Overfitting ratios when processing data simulated from the target structure (3) with increasing sample sizes and increasing shares of randomly drawn incompatible cases. Each overfitting ratio is a mean over 1,000 executions of a trial.
The obvious conclusion to draw is that when analyzing small-sized noisy data, maximizing consistency and coverage is not a reliable strategy of model selection. This finding conflicts with certain methodological recommendations in the CCM literature. Ragin (2008:46), for instance, suggests that “[i]n general, consistency scores should be as close to 1.0 (perfect consistency) as possible”; or Schneider and Wagemann (2012:128) recommend that consistency thresholds be placed the higher, the lower the number of cases under investigation. However, in actual CCM practice, fit thresholds are often simply set to non-maximal bounds given by conventions, typically some values between 0.85 and 0.75; and in the example of Table 1A, such a conventional threshold placement avoids the overfitting problem. At
Overall, in noisy discovery contexts, CCM model fit (just as model fit in other frameworks) should neither be maximized, to avoid overfitting, nor minimized, to avoid underfitting. Hence, the question arises how to identify threshold settings yielding models that are as revealing as possible about the ground truth without inducing false positives. In simulations, where the data-generating structure is presupposed, that question is easily answerable by re-analyzing the data at varying threshold settings and identifying the setting at which the (known) ground truth is recovered. But, of course, real-life discovery contexts are characterized by the data-generating structure being unknown, which makes it impossible to determine which among all tested threshold settings actually recovers the truth. To alleviate that problem, the next section introduces a criterion of fit-robustness that helps to identify the models that can be trusted among all the models returned by CCMs within the range of acceptable threshold settings.
Robustness
Searching for robust models to avoid over- and underfitting is an approach that comes easily to mind. But, as we have seen in the introduction, we cannot simply draw on statistical robustness measures rewarding model invariance under varying re-analyses of the data. Instead, we propose to understand the robustness of a CCM model in terms of the degree to which its causal attributions are contained in and contain the causal attributions of all the other models obtained from a series of data re-analyses under varying consistency and coverage settings. Rather than rewarding invariance, robustness in that sense rewards those models that are most closely interrelated with the other models from that re-analysis series and it punishes models making idiosyncratic causal attributions.

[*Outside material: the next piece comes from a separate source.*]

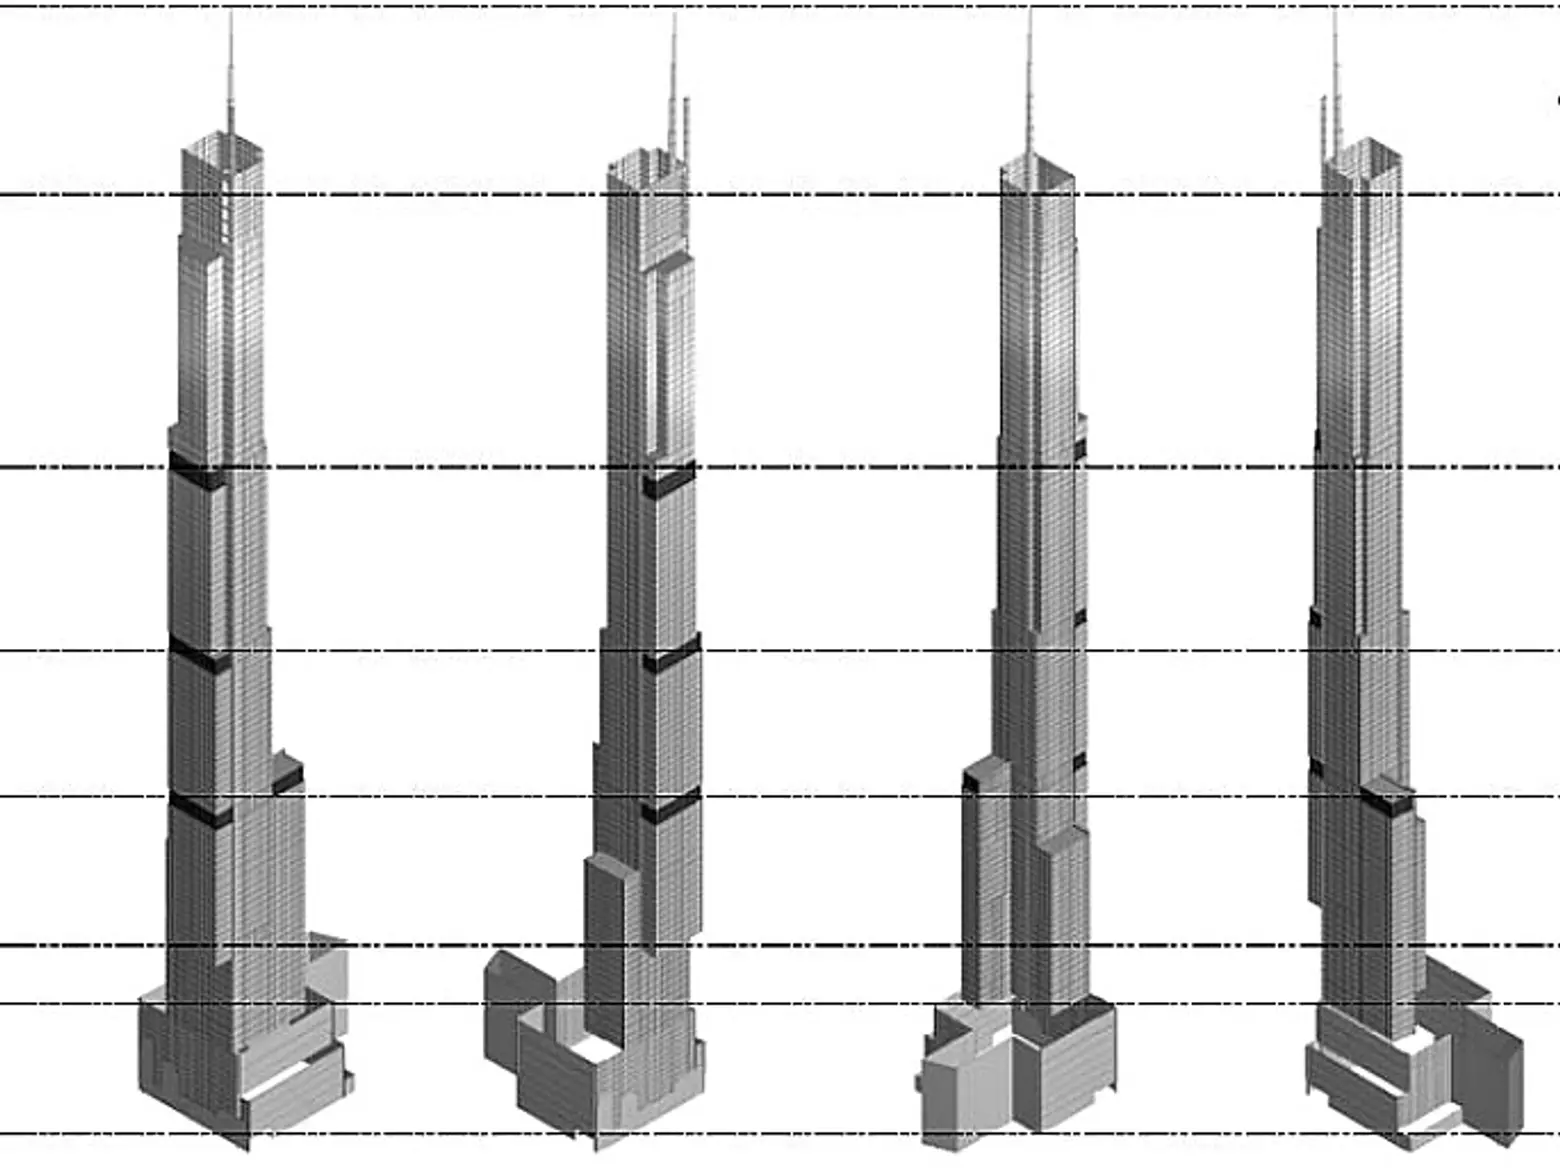 Extell’s Nordstrom Tower Will Be Just a Foot Shorter Than One World Trade at 1,775 Feet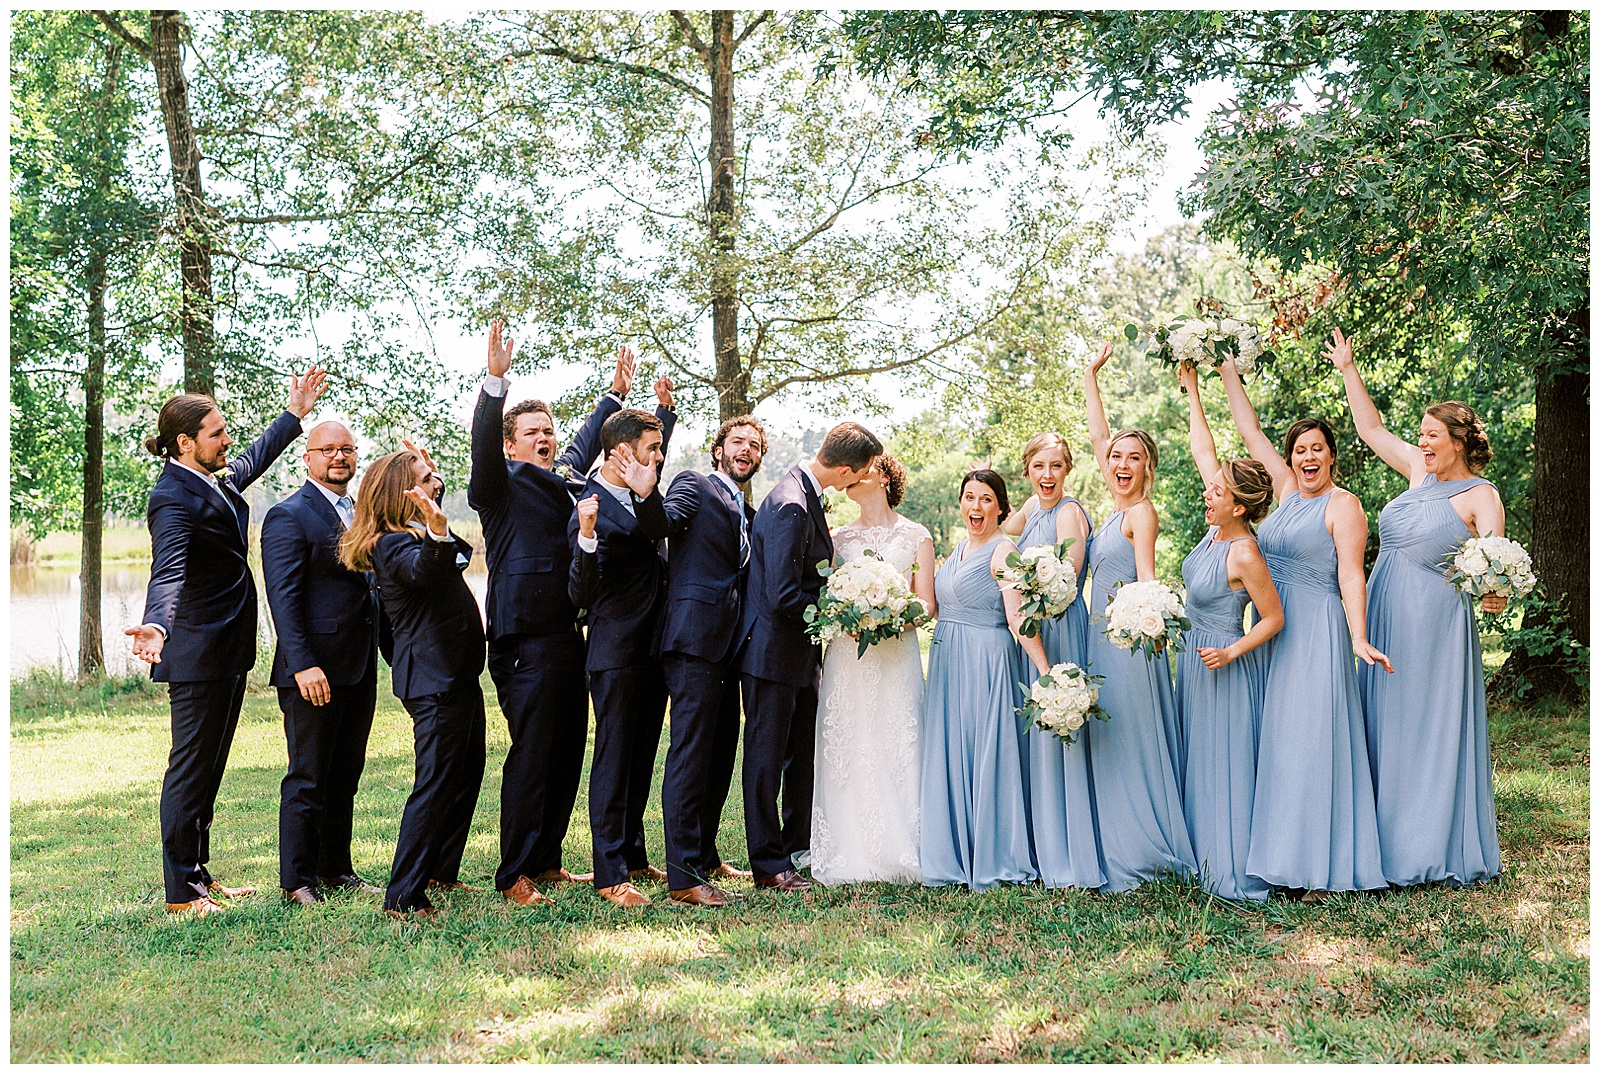 dusty blue bridesmaid bride tribe with white flower bouquet and navy blue suit groomsmen summer outdoor bridal party group portrait

Before we flesh out that sketch, let us clarify the aims and limitations of our proposal. Robustness testing is a heuristic for model selection in noisy discovery contexts. If there is enough noise, especially if it is patterned or biased, any method will misfire sooner or later. But CCMs, as we have seen in the previous section, are particularly vulnerable through even mild degrees of noise. The purpose of a robustness measure for CCMs must be to reduce that vulnerability, without being expected to erase it altogether or to work equally well in all noise scenarios; it is only one tool for vulnerability reduction among others. In that light, the aim of our proposal shall be to improve the overall model quality in the presence of randomly distributed noise. The robustness measure sketched above can be expected to achieve that purpose because if measurement error is not biased and there is no systematic confounding (and there is not so much noise that CCMs abstain from drawing inferences altogether), the signal stemming from actual causal dependencies will, on average, be stronger in the data than spurious associations due to noise. In consequence, elements of the ground truth will be included in many models obtained at varying threshold settings, whereas spurious factor values will only be included in models inferred at specific consistency and coverage thresholds. That may not hold in biased and patterned noise scenarios. Thus, the next section will put the performance of our approach to the test under both random and non-random noise.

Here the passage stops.